56 – Saúde Pública - Havendo depósito judicial por falta de tempo hábil para aquisição do medicamento ou produto com procedimento licitatório pelo poder público, antes de liberar o numerário é prudente, sempre que possível, que se exija da parte a apresentação prévia de três orçamentos.

57 – Saúde Pública - Em processo judicial no qual se pleiteia o fornecimento de medicamento, produto ou procedimento, é recomendável verificar se a questão foi apreciada pela Comissão Nacional de Incorporação de Tecnologias no SUS – CONITEC.

58 – Saúde Pública - Quando houver prescrição de medicamento, produto, órteses, próteses ou procedimentos que não constem em lista (RENAME /RENASES) ou protocolo do SUS, recomenda-se a notificação judicial do médico prescritor, para que preste esclarecimentos sobre a pertinência e necessidade da prescrição, bem como para firmar declaração de eventual conflito de interesse.

59 - Saúde Pública - As demandas por procedimentos, medicamentos, próteses, órteses e materiais especiais, fora das listas oficiais, devem estar fundadas na Medicina Baseada em Evidências.
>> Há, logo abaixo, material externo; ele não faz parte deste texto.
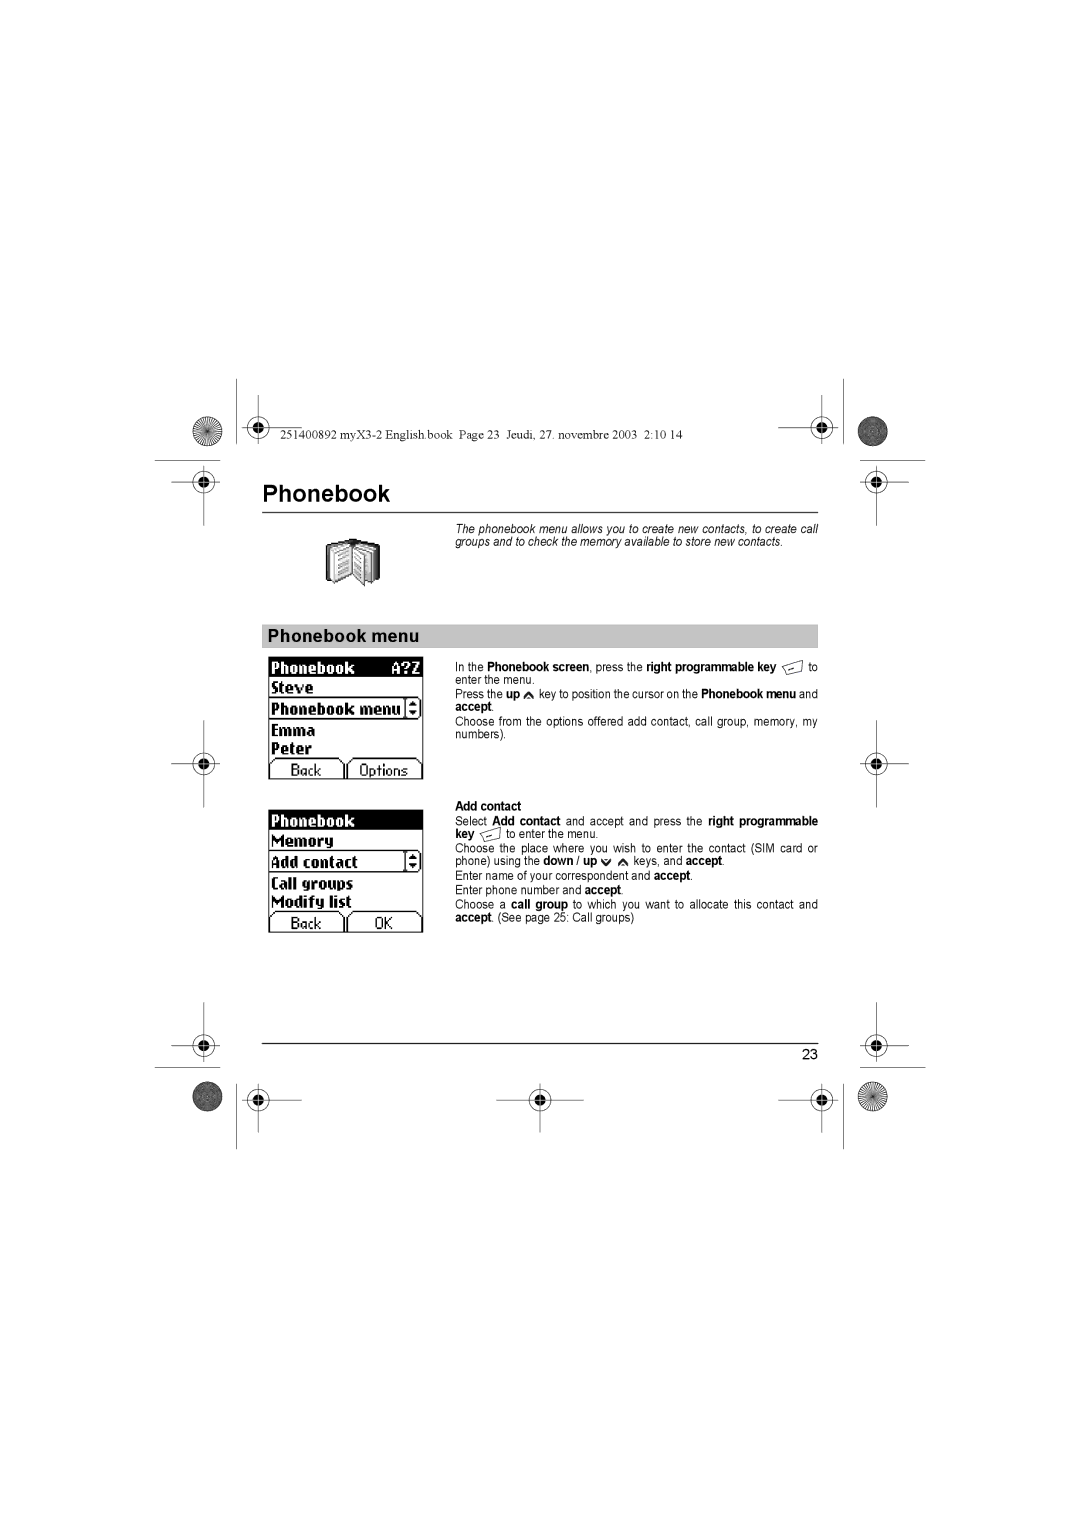 Sagem myX3-2 manual Phonebook menu, Add contact

60 – Saúde Pública - A responsabilidade solidária dos entes da Federação não impede que o Juízo, ao deferir medida liminar ou definitiva, direcione inicialmente o seu cumprimento a um determinado ente, conforme as regras administrativas de repartição de competências, sem prejuízo do redirecionamento em caso de descumprimento.
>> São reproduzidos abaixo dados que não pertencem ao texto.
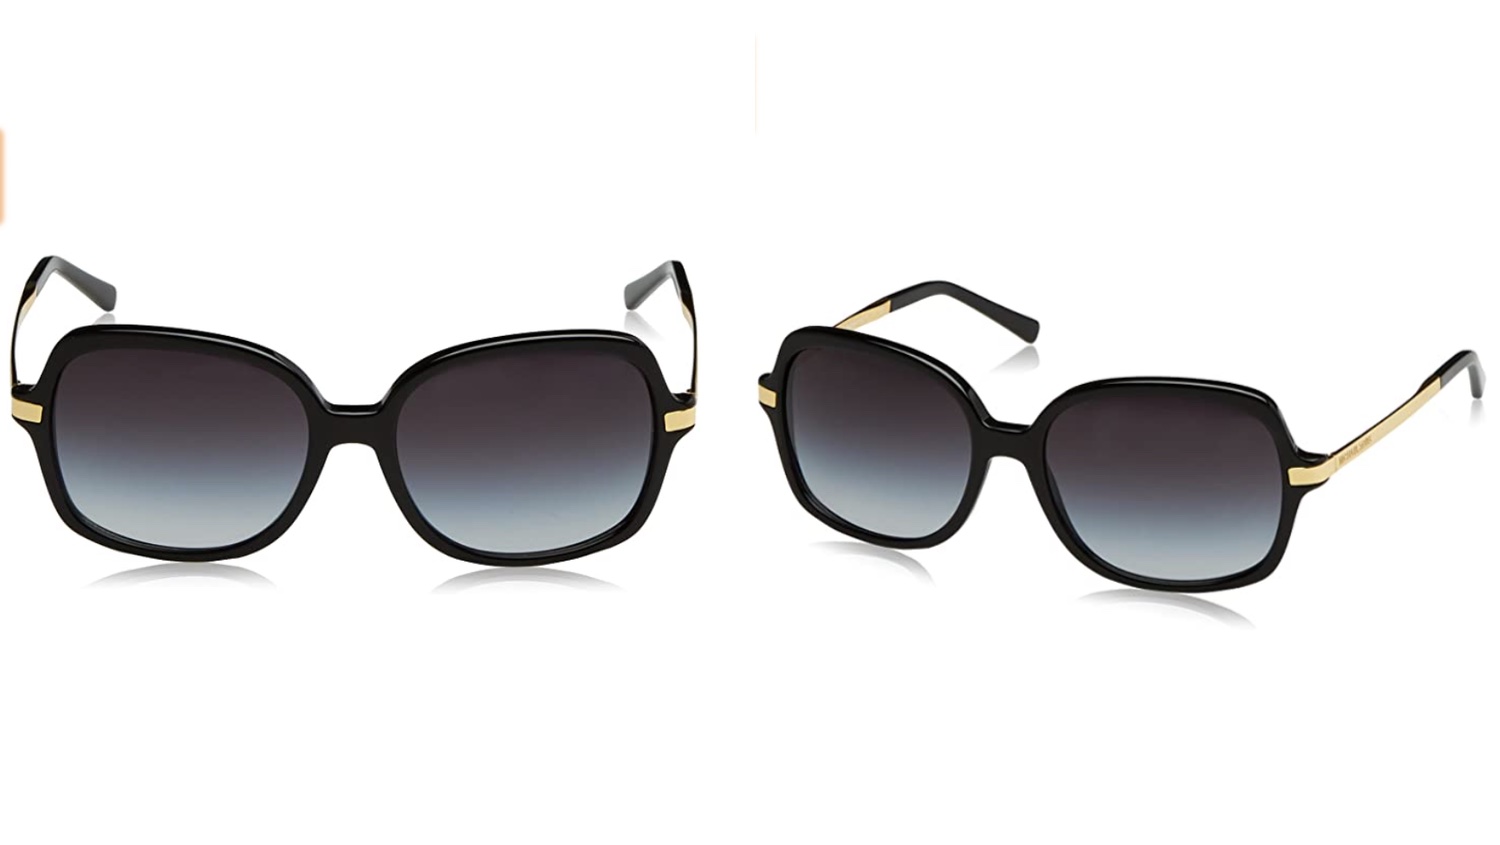 Michael Kors sunglasses on sale

61- Saúde Pública - Proposta de alteração do enunciado n°4 da I Jornada - Os Protocolos Clínicos e Diretrizes Terapêuticas (PCDT) são elementos organizadores da prestação farmacêuticas, de insumos e de procedimentos, e não limitadores. Assim, no caso concreto, quando todas as alternativas terapêuticas previstas no respectivo PCDT já tiverem sido esgotadas ou forem inviáveis ao quadro clínico do paciente usuário do SUS, pelo princípio do art. 198, II, da CF, pode ser determinado judicialmente o fornecimento, pelo Sistema Único de Saúde, do fármaco, insumo ou procedimento não protocolizado.

62 - Saúde Suplementar -Para fins de cobertura assistencial, o conceito de urgência e emergência deve respeitar a definição legal contida no art. 35-C, Lei Federal 9.656/98.

63 – Saúde Suplementar -O deferimento de cirurgia bariátrica em tutela de urgência sujeita-se à observância das diretrizes constantes da Resolução CFM nº 1942/2010 e de outras normas que disciplinam a matéria.

64 - Saúde Suplementar -A atenção domiciliar não supre o trabalho do cuidador e da família, e depende de indicação clínica e da cobertura contratual.

65 - Saúde Suplementar -Não é vedada a intervenção de terceiros nas demandas que envolvam plano de saúde.

66 – BioDireito - Poderá constituir quebra de confiança passível de condenação por dano, a recusa imotivada em fornecer cópia do prontuário ao próprio paciente ou seu representante legal ou contratual, após comprovadamente solicitado, por parte do profissional de saúde, clínica ou instituições hospitalares públicos ou privados.

67 – BioDireito - As informações constantes do receituário médico, para propositura de ação judicial, devem ser claras e adequadas ao entendimento do paciente, em letra legível, discriminando a enfermidade pelo nome e não somente por seu código na Classificação Internacional de Doenças – CID, assim como a terapêutica e a denominação genérica do medicamento prescrito.

68 – BioDireito - Os direitos reprodutivos correspondem ao conjunto de direitos básicos relacionados com o livre exercício da sexualidade e da reprodução humana.